Opéras Rigoletto oubliable à Lyon
Opéras

Rigoletto oubliable à Lyon

05/04/2022

Opéra, 30 mars

L’immense barre d’un grand ensemble berlinois occupe tout le rideau de scène, et reviendra périodiquement. Le motif est repris et varié sous forme de maquettes d’échelles différentes, complétées par quelques praticables, comme celui qui abrite l’alcôve du Duc de Mantoue. L’actualisation n’est pas spécialement agressive en soi, mais là s’arrête l’invention.

Le metteur en scène allemand Axel Ranisch n’a visiblement pas trouvé quoi d’autre à quoi se raccrocher, dans une production d’une désespérante pauvreté (on notera seulement que c’est Gilda, elle-même, qui se poignarde au final), sinon la projection de vidéos, sur un large écran descendu des cintres.

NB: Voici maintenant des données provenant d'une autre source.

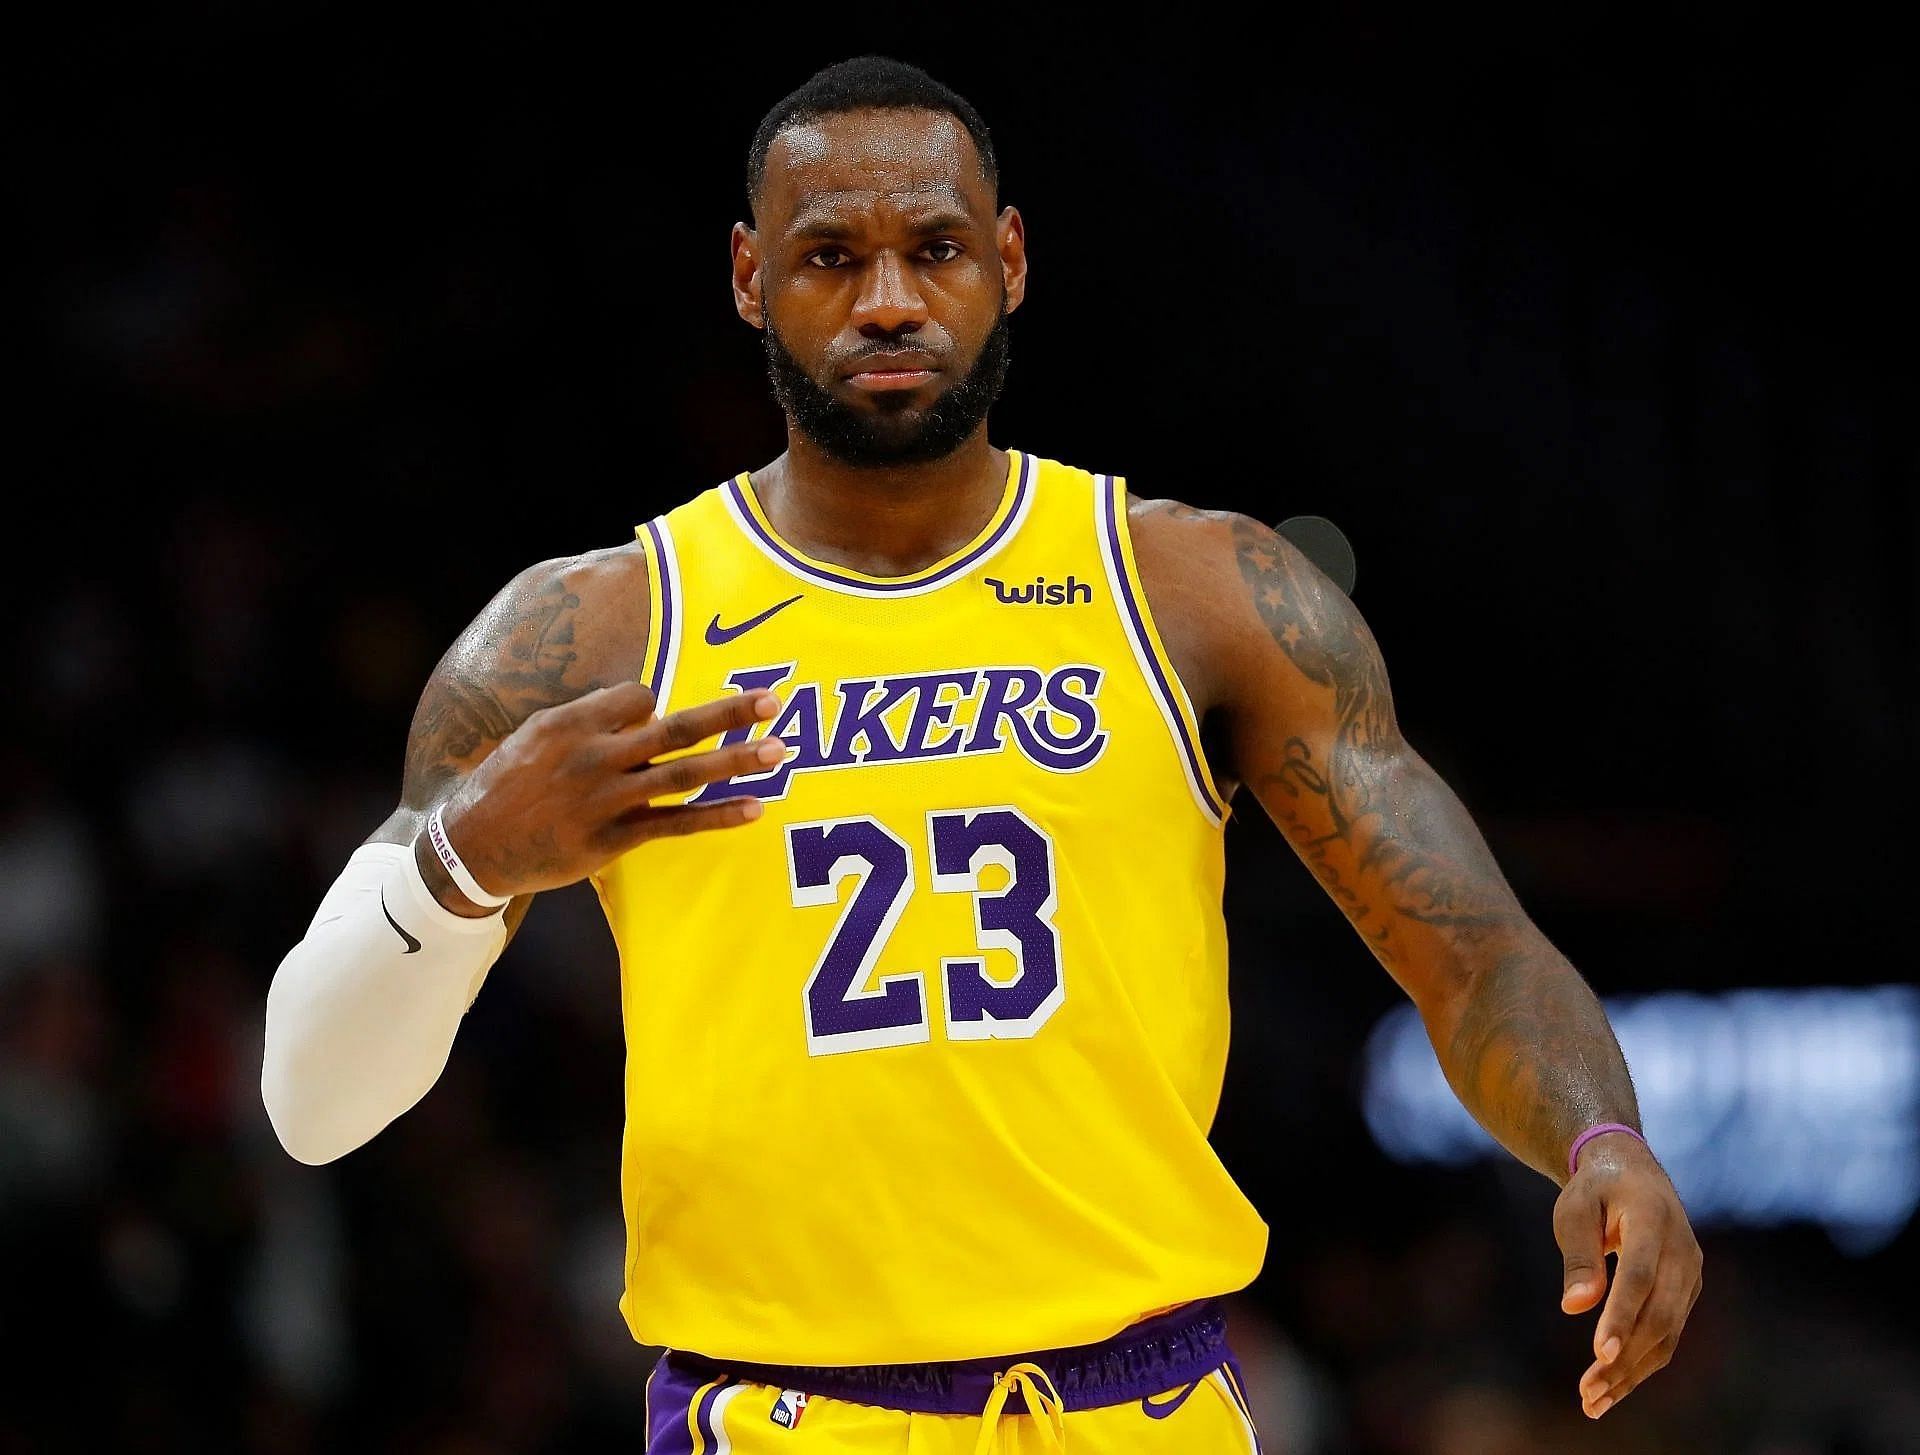 LeBron James is not suiting up for the Los Angeles Lakers&rsquo; preseason game against the Golden State Warriors on October 7.

Y sont longuement exposées, en une histoire parallèle et malheureusement concurrente, les avatars et pérégrinations d’un amateur d’opéra, en quête d’enregistrements de l’œuvre qui berce ses rêves, entre autres aventures d’une lamentable vulgarité – y compris, pour faire bonne mesure, une misérable scène pornographique, pour le duo final du II (l’indisposition annoncée du comédien Heiko Pinkowski, collaborateur régulier d’Axel Ranisch, a épargné à cette représentation du 30 mars sa présence réelle en scène).

Pour le reste, après une soirée d’introduction plutôt mollement animée dans un bar-discothèque à machines à sous, qui représente la cour de Mantoue, rien, désespérément rien. Et sans non plus la moindre esquisse de direction d’acteurs, comme si Axel Ranisch, incapable de saisir personnages et action, s’était totalement désintéressé de la partition, constamment prise à contre-pied par les images incongrues et purement anecdotiques de la vidéo.

Difficile au plateau de tirer son épingle du jeu dans ces conditions, chacun opérant de son côté, avec des bonheurs inégaux. On saura gré à Dalibor Jenis de la probité de chant de son Rigoletto, très expressif et sans larmoiements, pauvre hère des banlieues, à cheveux longs et mal rasé, tristement vêtu d’un blouson sombre à capuche, plus profondément triste que vraiment drôle ou méchant ; à Stefan Cerny (en alternance avec Gianluca Buratto), pour la basse profonde bien en situation de son Sparafucile ; à la Maddalena de fort caractère, sinon de graves suffisants, d’Agata Schmidt.

On sera un peu plus réservé sur le Duc d’Enea Scala : de bon profil scénique, et d’une vaillance inlassable, bien projeté et articulé, mais qui, avec un timbre non sans nasalité, claironne sa partie sans assez de mesure, et sans descendre en dessous du mezzo forte.

À côté de comprimari bien choisis et des toujours impeccables Chœurs de l’Opéra de Lyon, la reconnaissance ira d’abord à la Gilda de Nina Minasyan, qu’on avait laissée ici en Reine de Chemakha dans Le Coq d’or, en mai dernier. Après un début appliqué et prudent, on retrouve, avec le même émerveillement, ses impressionnants suraigus et ineffables pianissimi, pour la coda de « Caro nome », notamment. Avec toujours une séduisante présence, à laquelle une vraie mise en scène aurait pu donner plus de poids, seule pourtant à faire passer un soupçon d’émotion.

Comme toujours exubérant, mais d’une impeccable rigueur, Daniele Rustioni, au sortir de ses représentations new-yorkaises, en début d’année, où il sauvait une production non moins désastreuse (voir O. M. n° 179 p. 56 de février 2022), et qui doit accepter celle-ci, prévue d’abord sans lui, en 2020, nous offre l’autre lot de consolation, pour une soirée que l’on préfèrera rapidement oublier.